Y chromosome functions in mammalian spermatogenesis

Abstract

The mammalian Y chromosome is critical for male sex determination and spermatogenesis. However, linking each Y gene to specific aspects of male reproduction has been challenging. As the Y chromosome is notoriously hard to sequence and target, functional studies have mostly relied on transgene-rescue approaches using mouse models with large multi-gene deletions. These experimental limitations have oriented the field toward the search for a minimum set of Y genes necessary for male reproduction. Here, considering Y-chromosome evolutionary history and decades of discoveries, we review the current state of research on its function in spermatogenesis and reassess the view that many Y genes are disposable for male reproduction.

Keywords: Y chromosome; developmental biology; fertility; spermatogenesis.

Figure 1.. Evolution of the eutherian sex chromosomes.

The X and Y chromosomes evolved from a pair of autosomes. First, the testis-determining gene Sry evolved on the proto-Y. Then, successive stratification events occurred, wherein X-Y meiotic recombination arrests along specific regions of the Y, likely due to inversions. The first stratum (i.e. discrete non-recombining region) includes Sry and originated in the last common therian ancestor ~166 million years ago (MYA). After the split from marsupials, the X/Y-added regions (XAR/YAR) fused from an autosome to the sex chromosomes in the eutherian ancestor. A second stratification event occurred independently in both marsupial and eutherian ancestors ~ 97–117 MYA. Concomitantly, in eutherians, a third stratum was formed encompassing the YAR. A fourth and fifth stratum evolved in the ancestor of old-world monkeys ~ 25–44 MYA. Recombination now only occurs within the pseudoautosomal region (PAR).

Figure 2.. Gene content and structure of the mouse and human Y chromosome.

The short arm of the mouse Y chromosome (Yp) has retained ancestral non-ampliconic genes. The mouse Y chromosome long arm (Yq) contains alternating tandem and palindromic repeats of ampliconic core blocks throughout. Ampliconic core blocks encompass rodent-specific gene clusters. The human Y shares seven ancestral protein-coding genes with the murine Y (labelled). Whereas the human Y chromosome is roughly 60 % heterochromatic, the mouse Y chromosome is 99.9% euchromatic (Skaletsky et al., 2003; Soh et al., 2014). The 10 Mb scale bar applies to both mouse and human Y chromosomes.

Figure 3.. Mammalian spermatogenesis in seminiferous tubules of the testis.

Spermatogenesis occurs in three main phases: mitosis, meiosis and spermiogenesis.

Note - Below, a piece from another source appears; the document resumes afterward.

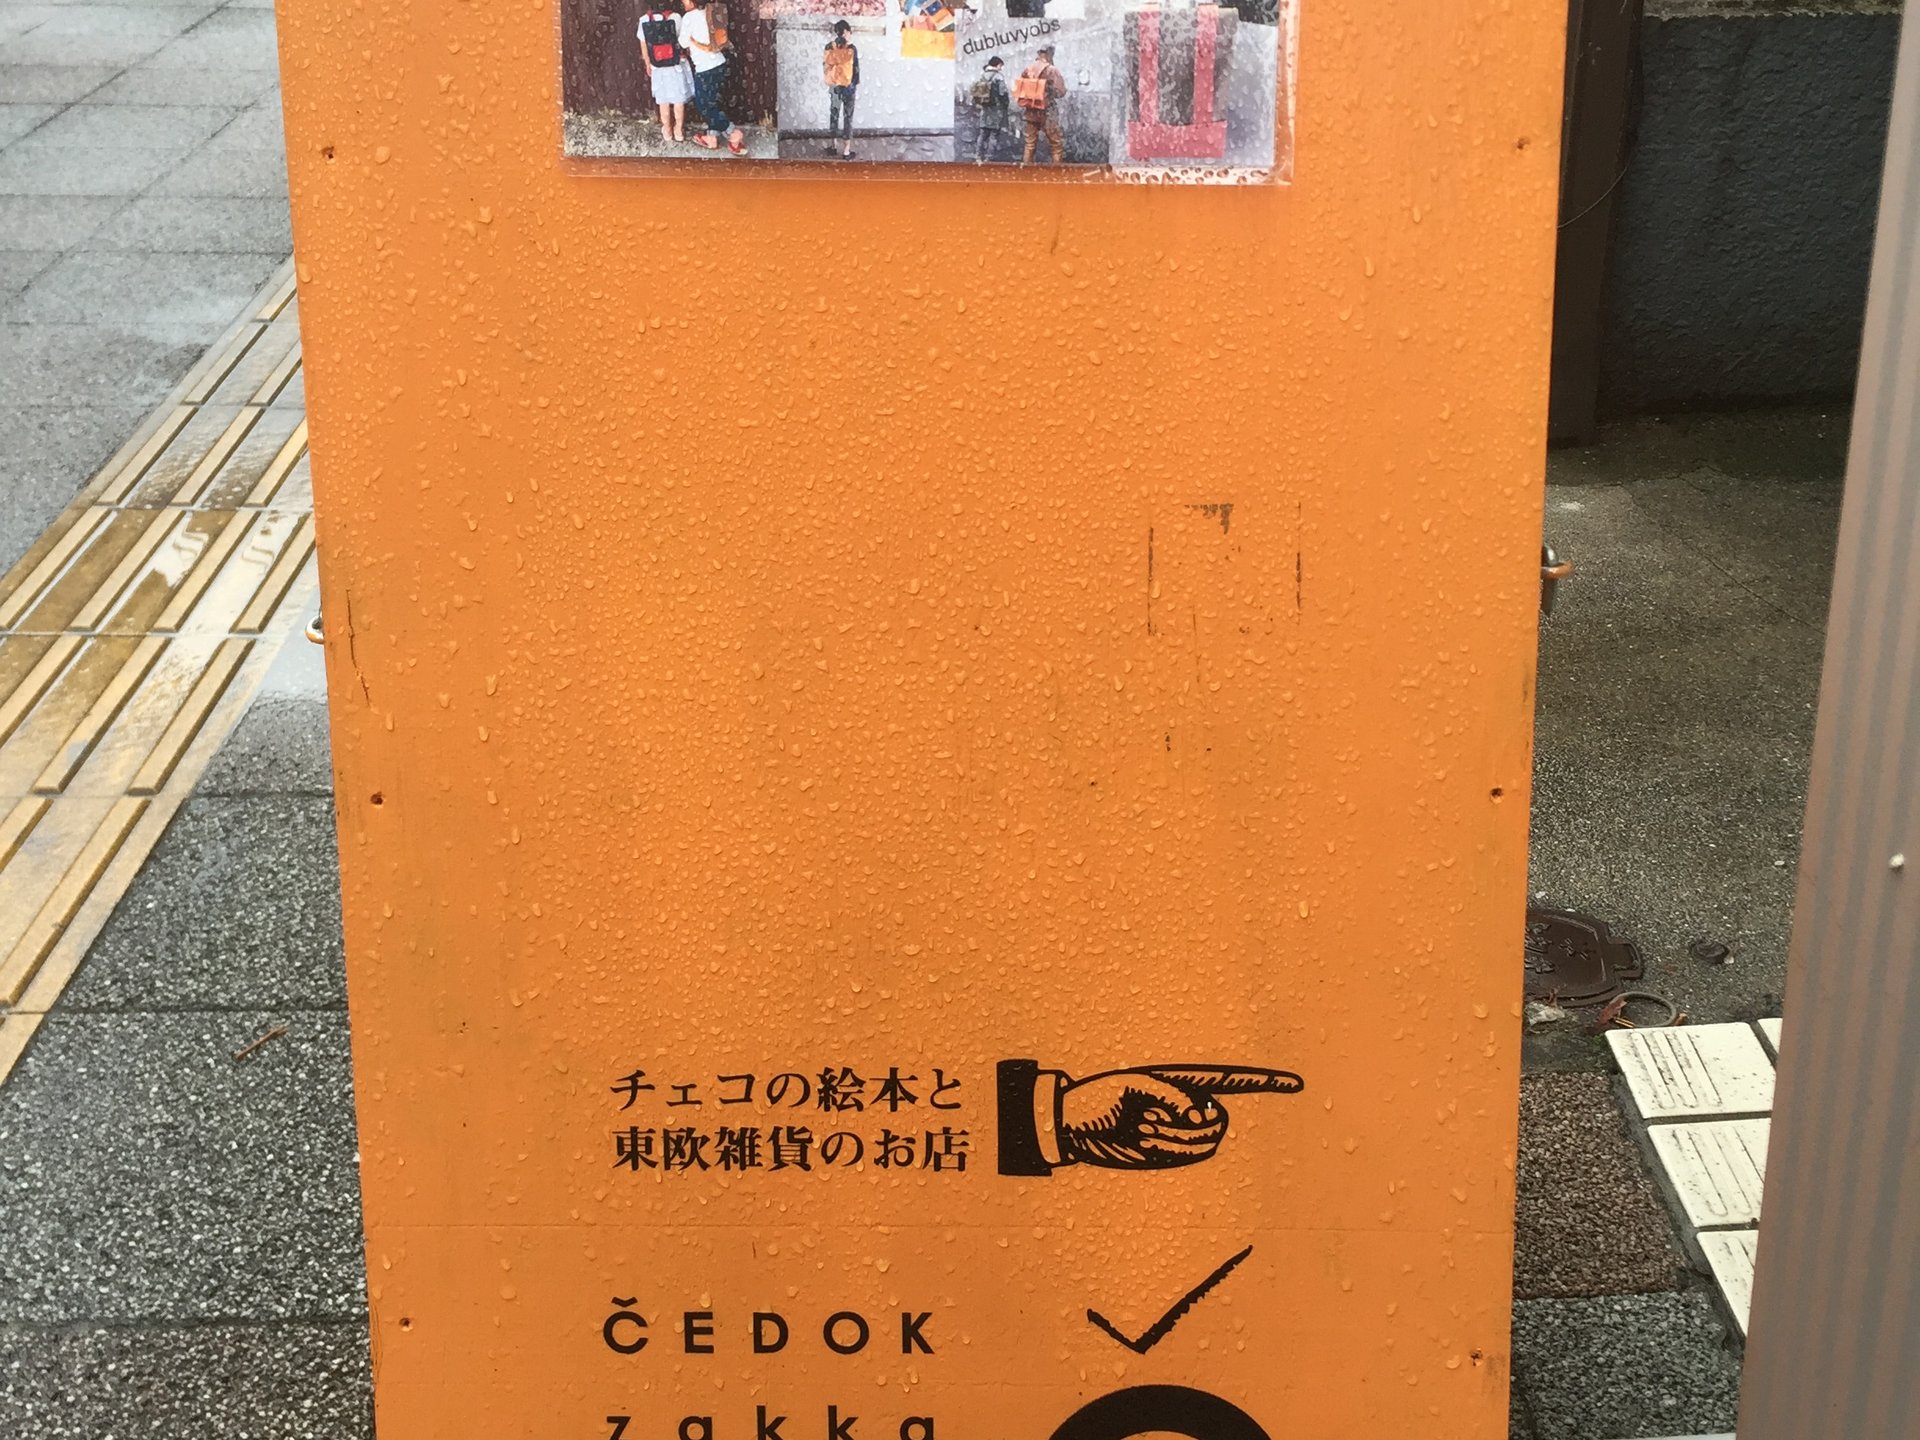 CEDOK zakkastore (チェドックザッカストア)

First, undifferentiated spermatogonial cells undergo multiple mitotic divisions. Subsequently, germ cells commit to meiosis, undergoing meiotic DNA replication (becoming 2 N:4 C) synapsis and recombination between homologues (shown in black and dark gray), and silencing of the X (green) and Y (magenta) chromosomes. Spermatocytes then undergo two rounds of cell division (becoming 1N:1C). The resulting round spermatids later undergo spermiogenesis, further specialising into mature spermatozoa. N = number of chromosomes, C = number of chromatids. SAC: spindle assembly checkpoint.

Figure 4.. Y-linked gene complements and developmental progression through spermatogenesis.

Specific Y genes control the developmental progress of germ cells in spermatogenesis. The presence of the Y short arm (Yp) allows formation of sperm which have abnormal heads, exhibiting reduced curvature and poor chromatin compaction (indicated by *). The presence of Sry, Eif2s3y, Zfy genes and a PAR allows progression to the round spermatid stage, but spermatid elongation is abnormal and delayed, with rare production of sperm with poorly structured heads (indicated by **). Germ cells expressing only Sry and Eif2s3y have incomplete MSCI (indicated by the star next to the X chromosome shown in green). Moreover, most germ cells of this model arrest before the second meiotic division (MII), with occasional progression to form mostly diploid and abnormally shaped round spermatids (indicated by ***). When only Sry is expressed, spermatogonial cells fail to proliferate and to enter meiosis. Arrowed lines show germ cell progression through spermatogenesis, with dotted lines indicating abnormal cell differentiation at a low frequency.